So, despite the rain (or because of it) I decided to go for a walk today, to not be stuck inside the house. I wasn't ready to resume my Trash Trekking -- the rain pretty much guaranteed a miserable time -- so I thought maybe just a walk down the street for a "checkup" would do. I wanted to see how well my trash-collecting effort last week has held up.
So I dug out my impossibly lime-green rain poncho the I first found at a Salvation Army a few years ago, stuffed my journal in the zip-up pouch in front, and headed out.

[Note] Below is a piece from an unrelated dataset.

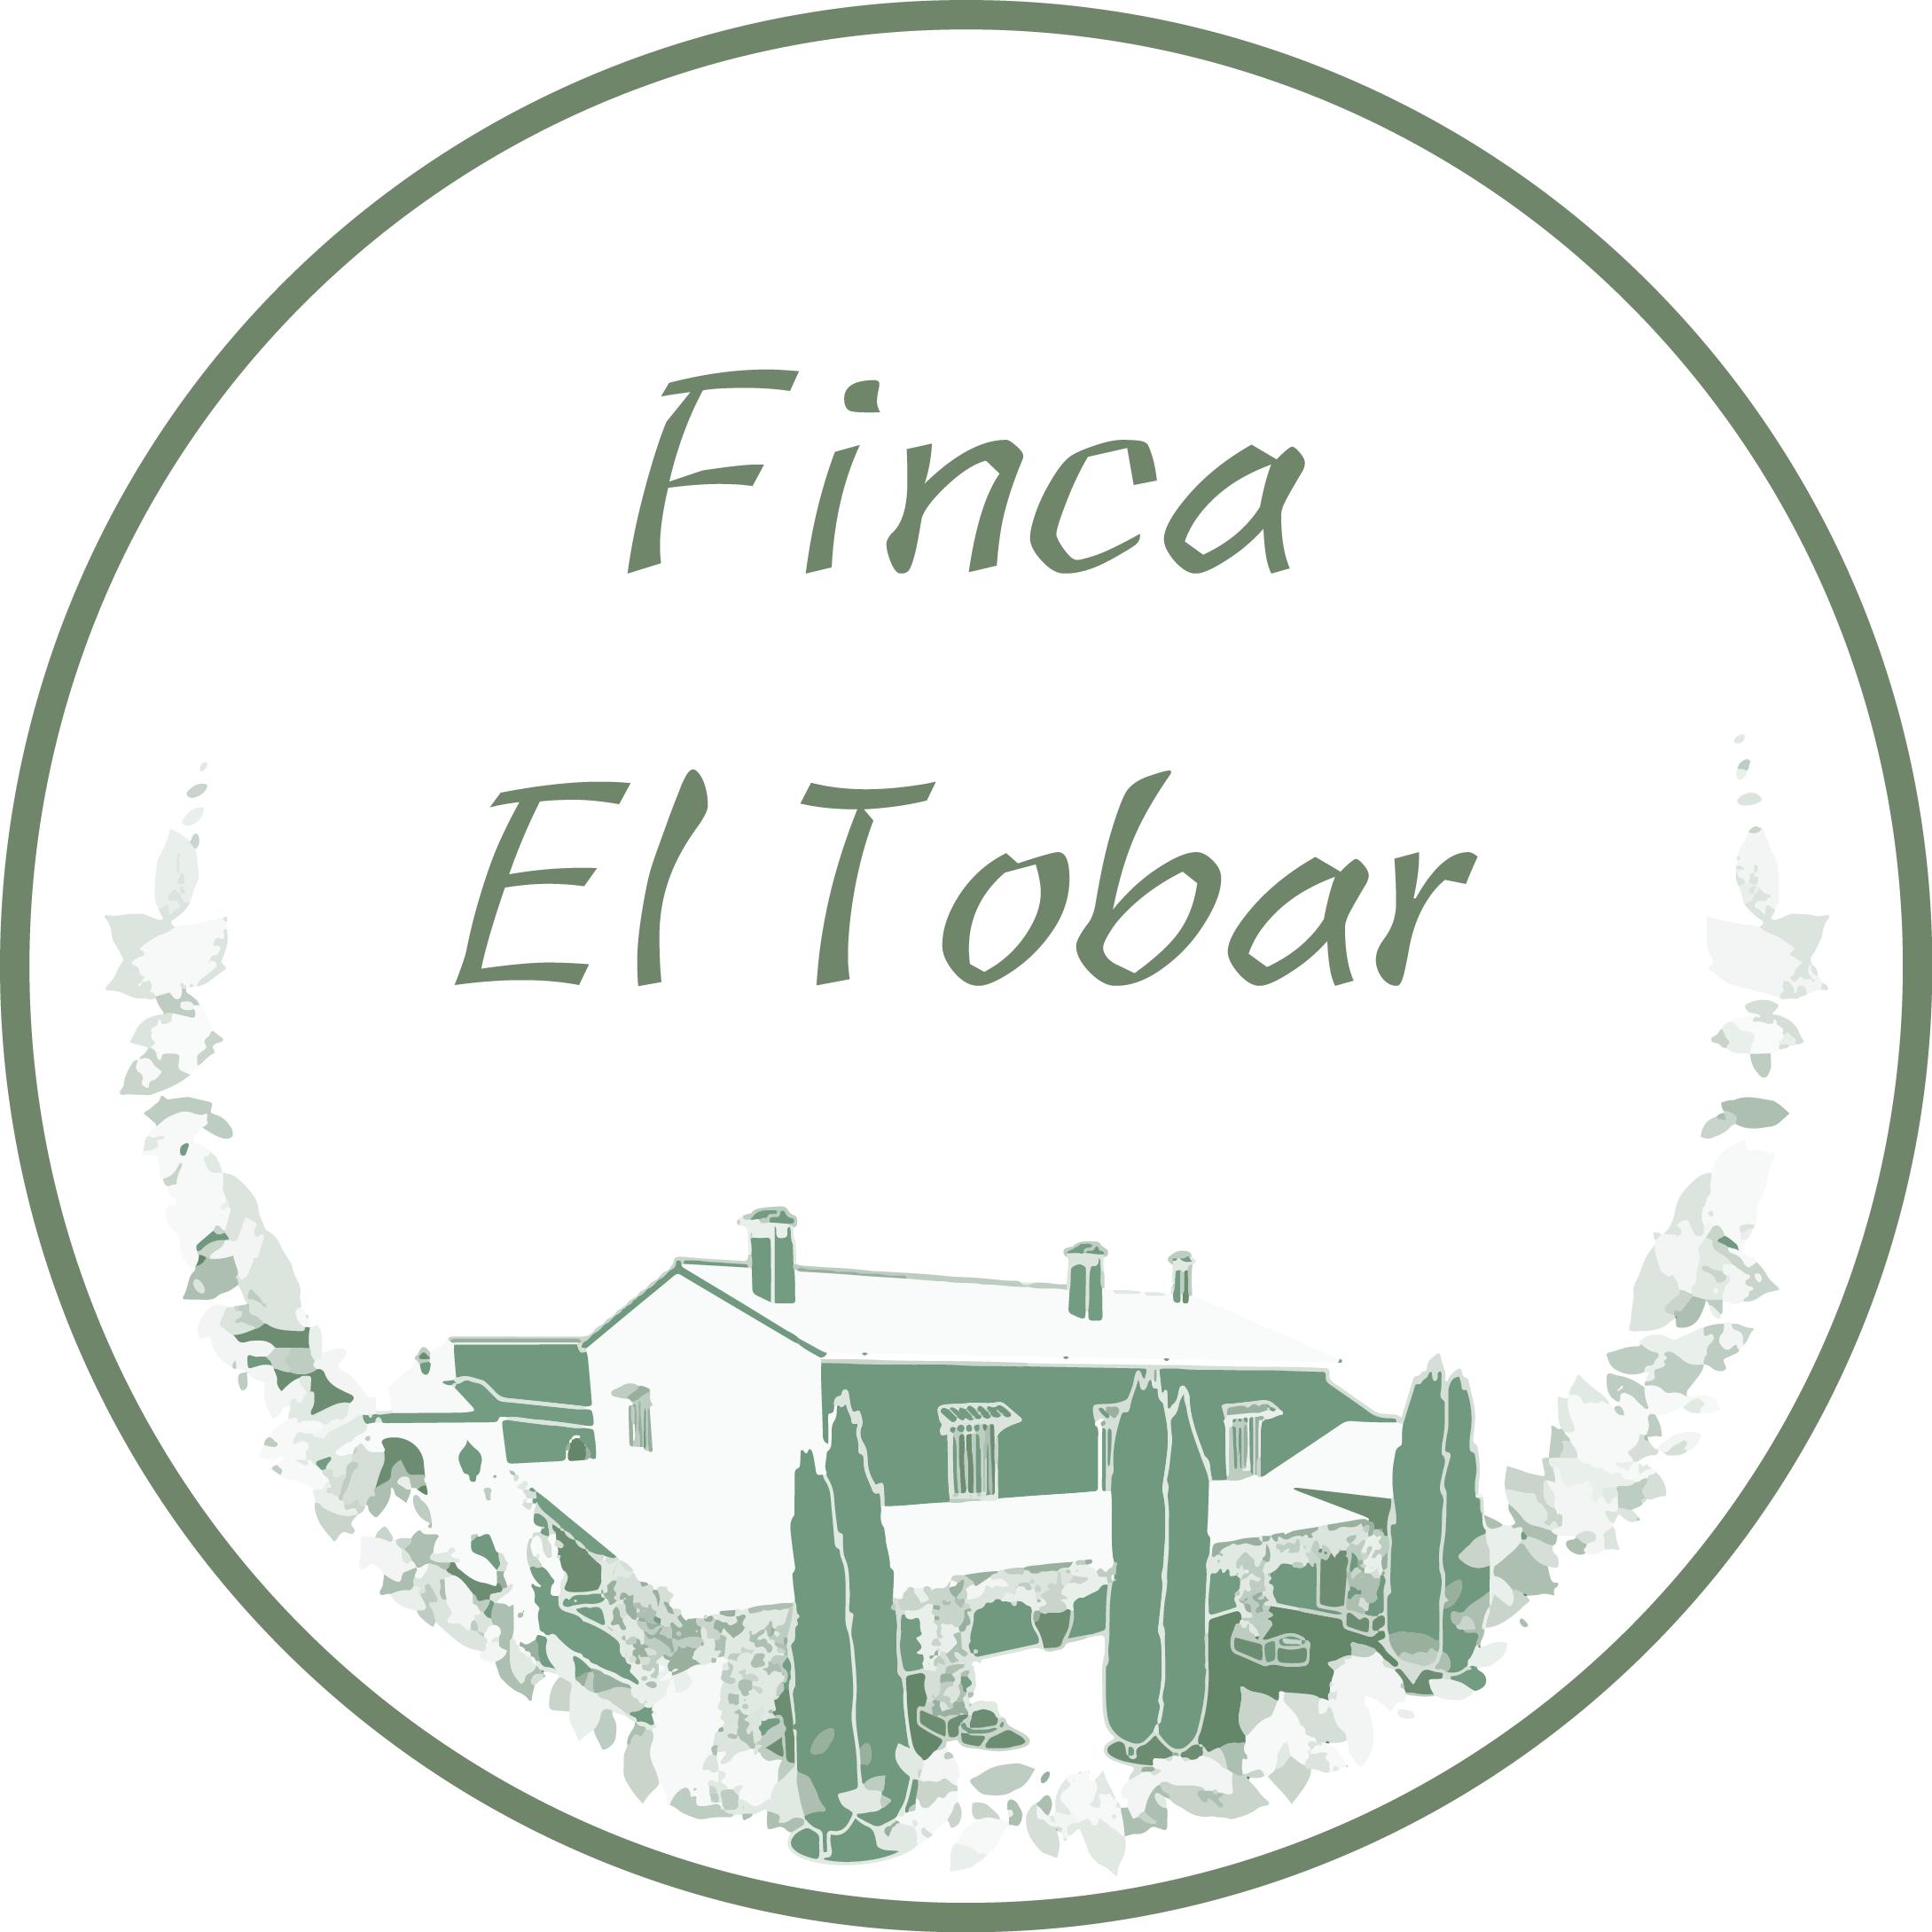 Finca El Tobar

I headed down Bardwell again, towards the Stop-and-Go at the bottom of the street, the only place within walking distance in any direction where I can buy a cup of coffee. That's my usual impulse for anything: "Hey, life is really (fill in the blank) right now, why don't I go get a coffee?"
As soon as I set out I chastise myself. I am going to go buy a coffee. In a disposable cup. I notice last week that maybe half (OK, maybe a quarter) of the trash I picked up was coffee cups. It might just be phase, but -- right now -- we live in a drink-and-dump society.
So, I should have brought a travel mug with me, but I didn't. But -- pat on my own back -- I DID bring a travel mug out with me several times this week to get coffee. One benefit: maybe three junky styro cups didn't end up in a landfill because of me. Another benefit: most places, coffee is cheaper if you bring the cup with you. Apparently, it's not really the brown water we are paying for.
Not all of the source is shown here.